I've got some general questions on Set Variable. I'm just not getting whats going on here with the script steps. Why some of these work, some don't.

1) Text leading up to the value you want

2) Text after what you want.

3) Setting up the conditions?

4) .. if #1 & #2 are met, this starts? Otherwise, move along. This is not the text you are looking for.

5-6) ...  doing something with the matched text.. but I'm just not following what is happening here. I have some lines that work, others that don't and I'm not seeing why.

7) Stuff the result in the target field and move along. Got it.

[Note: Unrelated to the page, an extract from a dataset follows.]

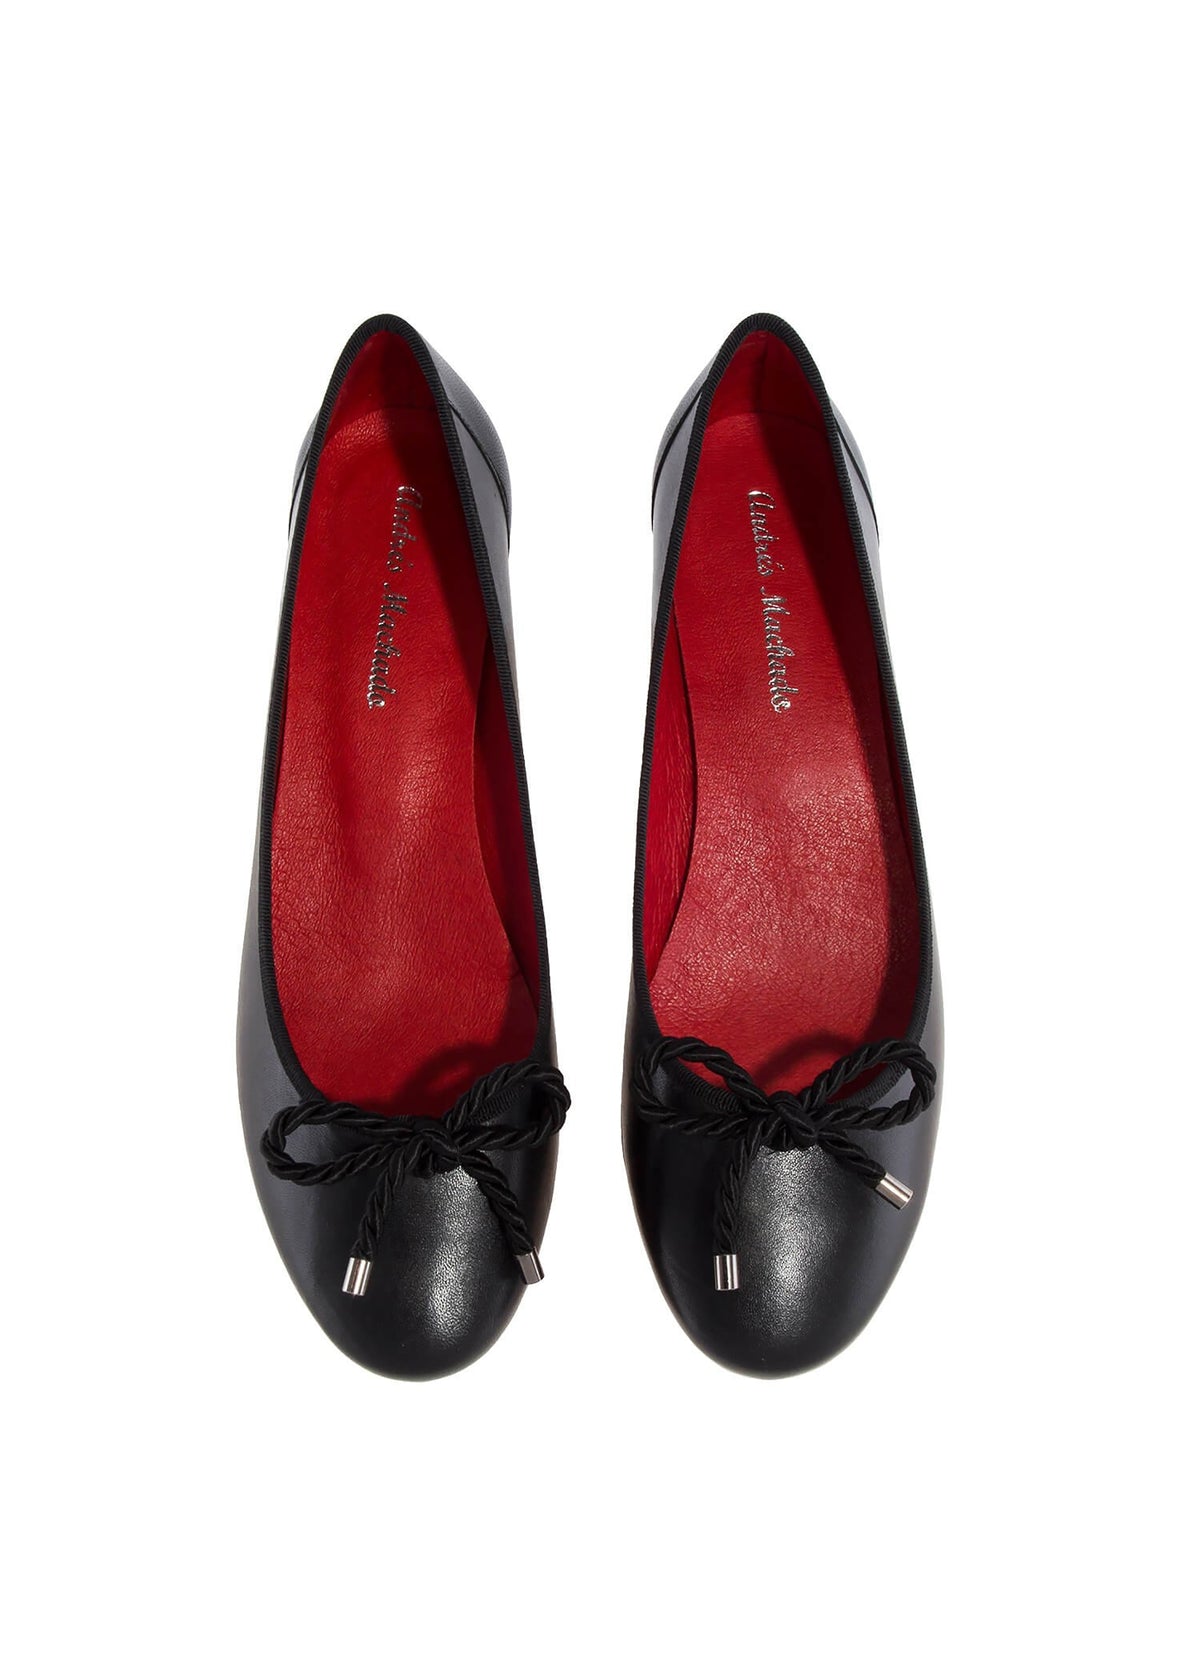 Låg öppen tå skor med dubbklack - Lucia, svart läder, rosettdekoration

It's probably that I have no idea what's going on after line 2.

 

This one for ISBN13 works. 

# ISBN13
1) Set Variable [ $prefix ; Value: "ISBN13</th> <td>" ]
2) Set Variable [ $suffix ; Value:  "</td>" ]
3) Set Variable [ $start ; Value: Position ( $text ; $prefix ; 1 ; 1 ) ]
4) If [ $start ]
5) Set Variable [ $result ; Value: Let ( [ start = $start + Length ( $prefix ) ; end = Position ( $text ; $suffix ; start ; 1 ) ] ; Middle ( $text ; start ; end - start ) ) ]
6) Set Variable [ $result ; Value: Trim( Substitute( TrimAll($result; 0;0 ) ; [Char(10); ""] ; ["'"; ""] )) ]
7) Set Field [ Table::Zip ; $result ]
8) End If

But changing it slightly for the other ISBN field..  I just can't seem to capture that field. No matter which of these scripts I try.

# ISBN10
Set Variable [ $prefix ; Value: "ISBN</td>" ] 
Set Variable [ $suffix ; Value:  "</td> </tr>" ] 
Set Variable [ $start ; Value: Position ( $text ; $prefix ; 1 ; 1 ) ] 
If [ $start ] 
Set Variable [ $result ; Value: Let ( [ start = $start + Length ( $prefix ) ; end = Position ( $text ; $suffix ; start ; 1 ) ] ; Middle ( $text ; start ; end - start ) ) ] 
Set Variable [ $result ; Value: Trim( Substitute( TrimAll($result; 0;0 ) ; [Char(10); ""] ; ["&#039;"; ""] )) ] 
Set Field [ Table::State ; $result ] 
End If
# 
# ISBN10 Alt
Set Variable [ $prefix ; Value: "<th>ISBN</td> <th>" ] 
Set Variable [ $suffix ; Value:  "</td>" ] 
Set Variable [ $start ; Value: Position ( $text ; $prefix ; 1 ; 1 ) ] 
If [ $start ] 
Set Variable [ $start ; Value: 1+ Position ( $text ; ">" ; $start + Length( $prefix); 1 ) ] 
Set Variable [ $result ; Value: Let ( [ start = $start ; end = Position ( $text ; $suffix ; start ; 1 ) ] ; Middle ( $text ; start ; end - start ) ) ] 
Set Variable [ $result ; Value: Trim( Substitute( TrimAll($result; 0;0 ) ; [Char(10); ""] ; ["&#039;"; ""] )) ] 
Set Field [ Table::State ; $result ] 
End If

Below is from Firefox. Why I can't see the same thing in the Content tab in FM, I have no idea. Voodoo probably.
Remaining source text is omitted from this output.